For the last 100 years, neuroscience has been in its Dodge City stage: chock full of unruly and unfettered “shoot 'em up” cowboys and outlaws. Why has neuroscience been so unruly? No sheriffs. Unlike many other fields, it has not been disciplined by an agreed-upon set of next questions to be answered. As a result, neuroscience, with its unrestrained and unfettered researchers at large poking about in whatever has interested them, has accumulated information about nervous systems (from insects to humans) at an astonishing rate.
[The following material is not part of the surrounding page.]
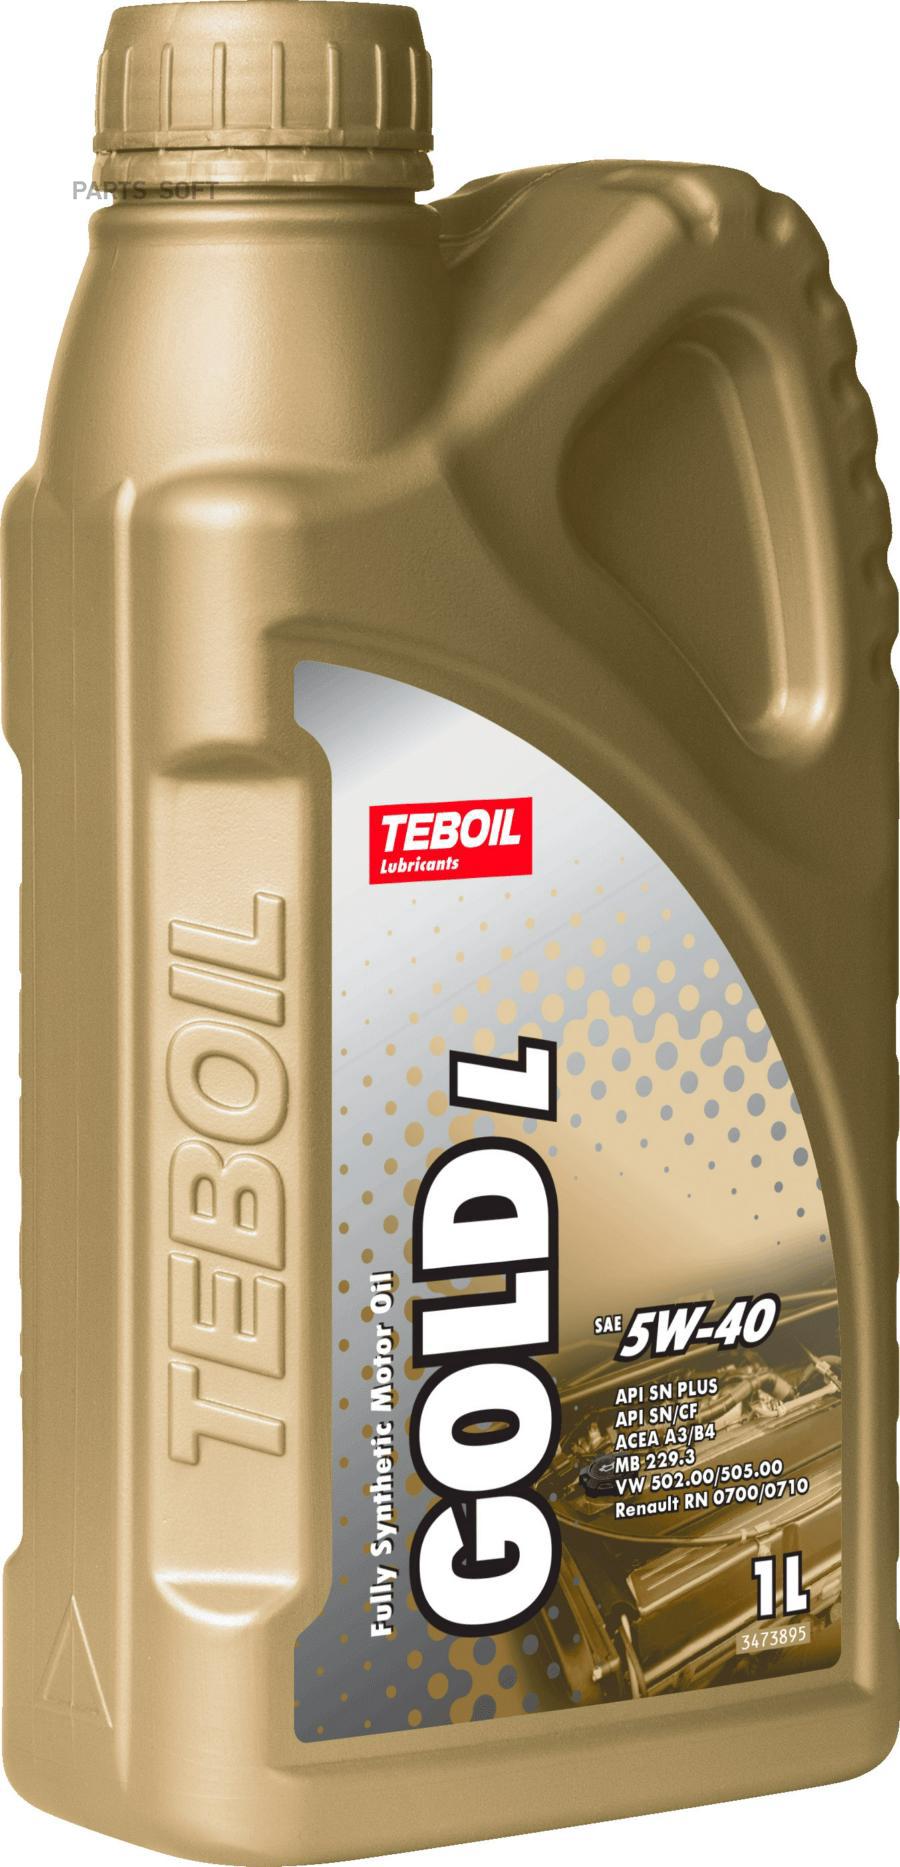 Моторное масло Teboil синтетическое 5w40 Gold L Api Sn/Cf Acea A3/B4 1л
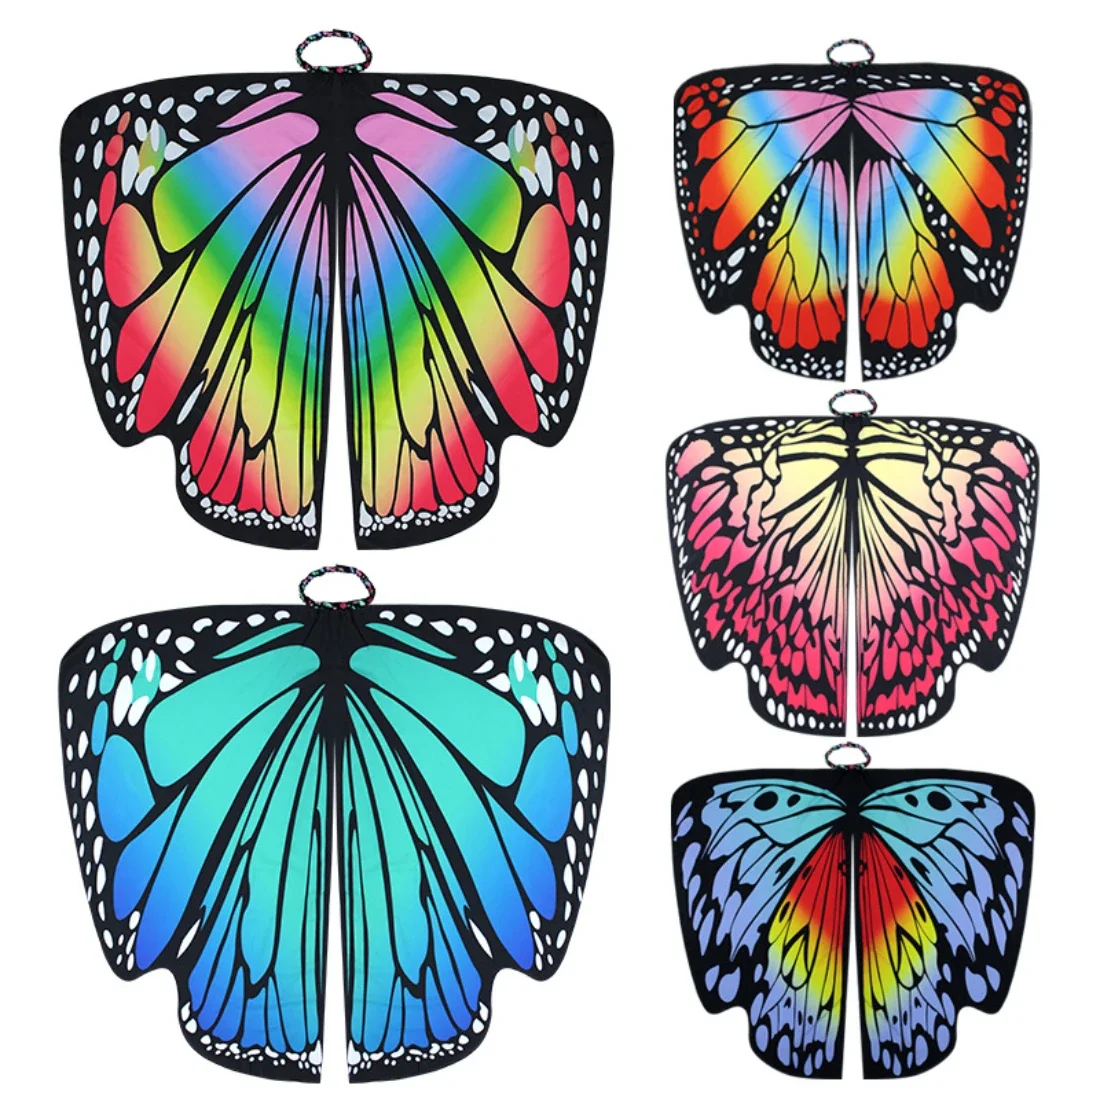 

Хэллоуин крылья бабочки взрослый костюм косплей накидка бабочка костюм плащ показать костюм маскарадный мяч искусственные подарки

As I have related before, so much information is stacking up, however, that if one adopted the intellectual style of first learning all there is to know about a topic before studying new dimensions of it, then future progress would be stopped dead in its tracks, like so many cowboys on the streets of Dodge.
No place was as unfettered and unrestrained as Roger W. Sperry's lab at Caltech. Perhaps the premier brain scientist of the last century, he must have told me a hundred times, “Try it. And don't read the literature until after you have made your observations. Otherwise you can be blinded by pre-existing dogma.” This is how we operated in those delicious free-ranging days in his lab exploring the unknown. If we had an idea, we “tried it.” We were also spurred on by other greats wandering the halls. Linus Pauling (recipient of two Nobel Prizes) once stumbled across me in the midst of an experiment, which resulted in the take-away lesson “Assume nothing.”
As an undergrad, I was interested in neural specificity. In 1960, I lucked out, getting a summer NSF fellowship to study with Sperry, but soon was captivated by all the experiments being done in his lab on “split-brain” animals, primarily cats and monkeys. The results were almost unbelievable: If one side of the brain was trained to do a sensory task, the other side of the brain didn't have a clue about it. I jumped in with both feet, went to work on rabbits, and was hooked.
In cats and monkeys, in order to train one half of the brain only, two things had to be done. First, the optic chiasm was divided down the middle. Thus, information exposed to one eye was only projected to the ipsilateral half brain.